The ending '&' is very important, else it will brake input when you stop it.

### Firejail

Sandboxed programs may not work with some IBus input methods due to the input socket being invisible to the sandbox[2][3][4]. For example, Firefox sandboxed with Firejail may not register inputs given by IBus Anthy.

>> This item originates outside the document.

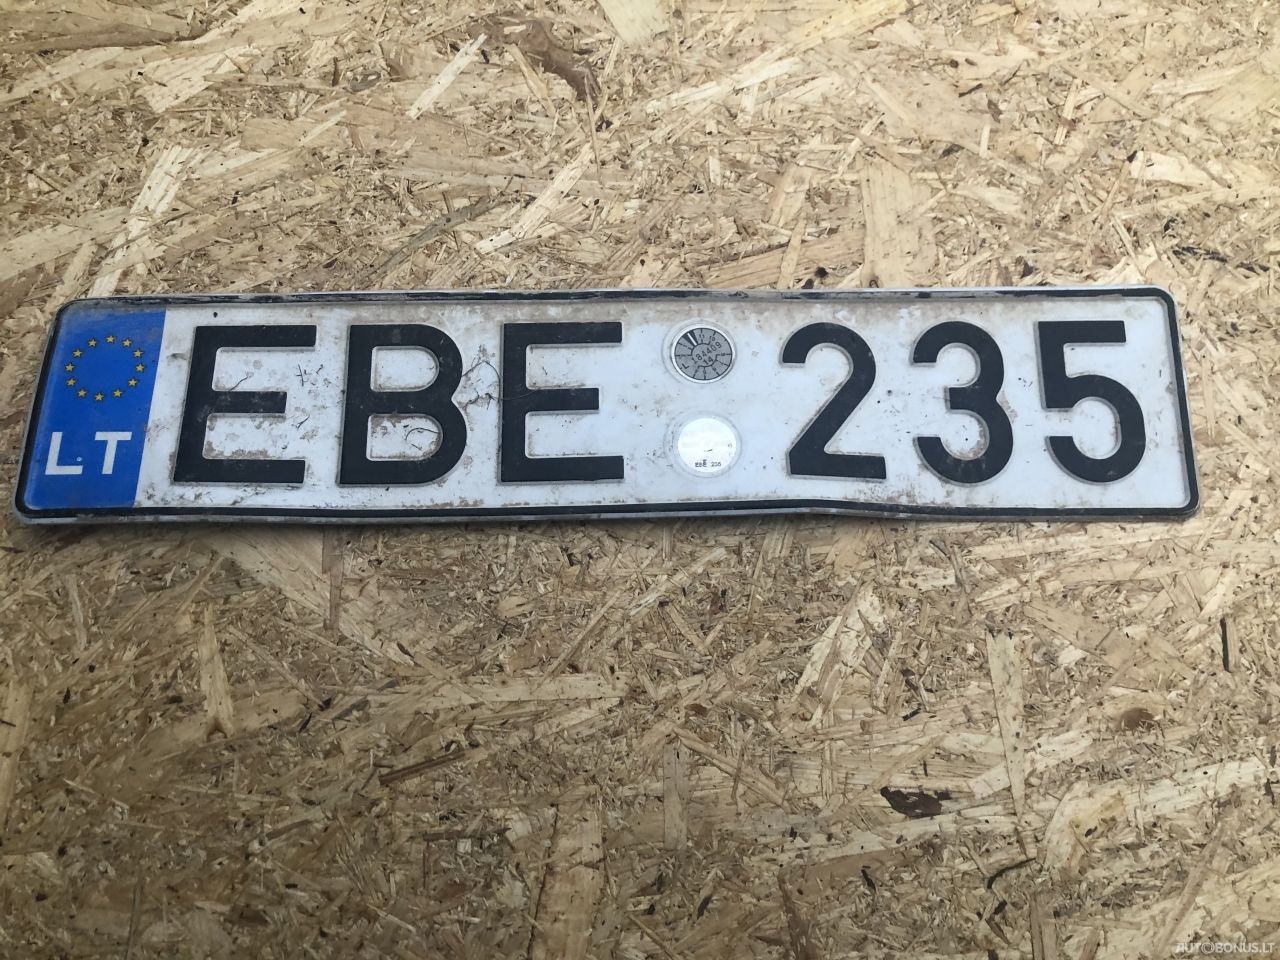  EBE235

A workaround is to make IBus use XIM by exporting the following environment variables

export GTK_IM_MODULE=xim
export XMODIFIERS=@im=ibus
export QT_IM_MODULE=xim


and launching the IBus daemon with

ibus-daemon -drx


## ibus-m17n

In the specific case of ibus-m17n, a helper, /usr/lib/ibus/ibus-engine-m17n, generates the necessary XML at runtime. With version 1.3.4-4 of the package, this unfortunately uses us as the layout without a possibility of override. Fortunately, this was changed to default a few commits later in Git, but no new release was made since then. To remediate the issue, a Git-master version of the package is available from AUR, which works nicely.

### English international AltGr

If you want to use AltGr as compose key for the english keyboard, choose English international AltGr in the ibus-setup instead of 'English'.

### Trouble with Japanese

If you have trouble with Japanese input try to generate the locales with uncommenting ja_JP.UTF-8 UTF-8 in the /etc/locale.gen file and then run locale-gen.